Wo soll's denn hingehen?

9
September
2013
Midterm Exams and Hanmer Springs

Die letzte Woche war größtenteils Uni-Aktivitäten gewidmet. Ich hatte zwei Prüfungen am Mittwoch und einige kleinere Sachen, die bis Freitag zu erledigen waren. Dementsprechend habe ich diese Woche auch nicht viel mehr gemacht als für die Prüfungen zu lernen und die Aufgaben zu erledigen.

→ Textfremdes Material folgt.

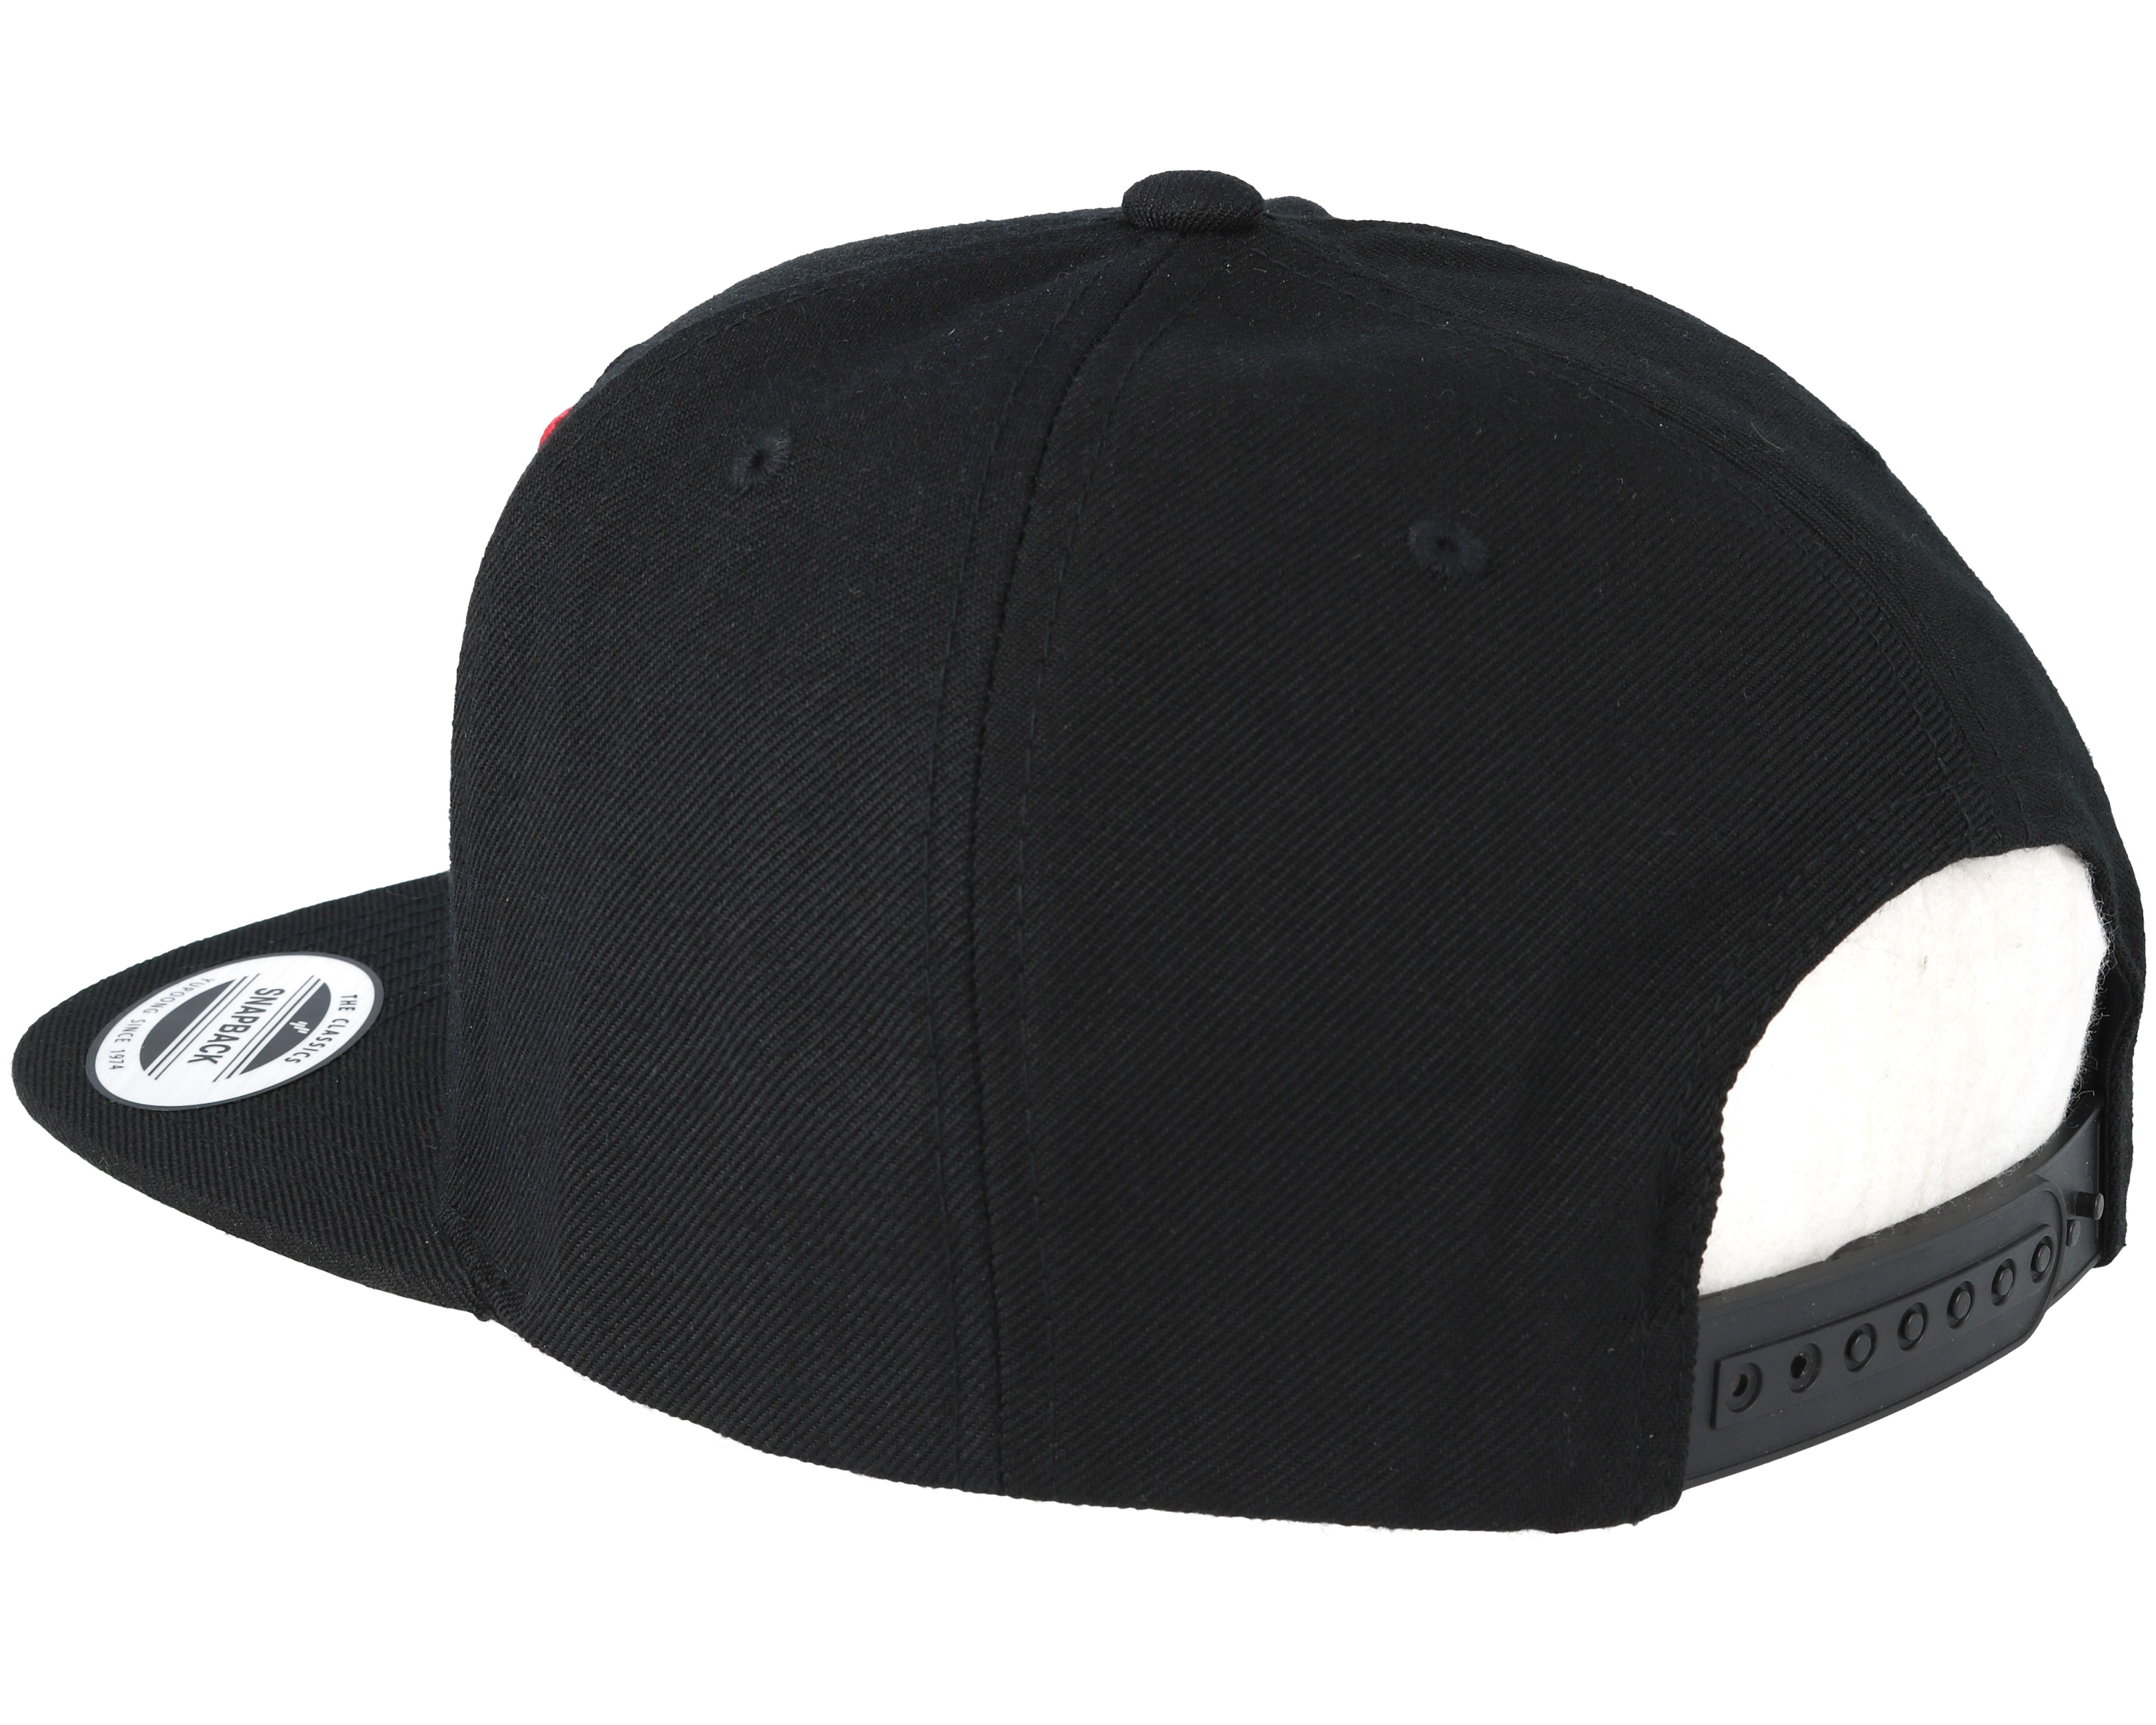 Run Dmc Logo Black Snapback Mister Tee Caps Hatstore Co Uk

Die Prüfungen selbst waren sehr unterschiedlich. Die erste war von ECON224 – Economics and Current Policy Issues und fand von 16-18 Uhr statt. Sie bestand aus sechs offenen Fragen, jede davon behandelte ein Thema aus der jeweiligen Woche. Ich habe zwar überall etwas hingeschrieben, viel mehr kann ich über diese Prüfung allerdings noch nicht sagen. Die zweite Prüfung war in ECON105 – Introduction to Macroeconomics und deutlich einfacher als die erste. Das war auch gut so, da sie erst um 19:15 begann. Von den 90 Minuten, die wir für diese Prüfung Zeit hatten brauchte ich nur ca. die Hälfte, bevor ich abgab und froh war diesen Tag hinter mir zu haben.

Den Samstag verbrachte ich, Volleyball und Fußball spielend, in Christchurch . Beth und Faith(Wills und Gabes Flatmate, ebenfalls aus den USA) planten am Sonntag gemeinsam mit einer Freundin, Alexa aus Deutschland, nach Hanmer Springs zu fahren. Da die anderen und ich noch keine Pläne für Sonntag hatten entschieden wir kurz entschlossen mitzukommen. Beth, Faith und Alexa mieteten dafür ein Auto und so konnten wir uns auf 2 Autos aufteilen.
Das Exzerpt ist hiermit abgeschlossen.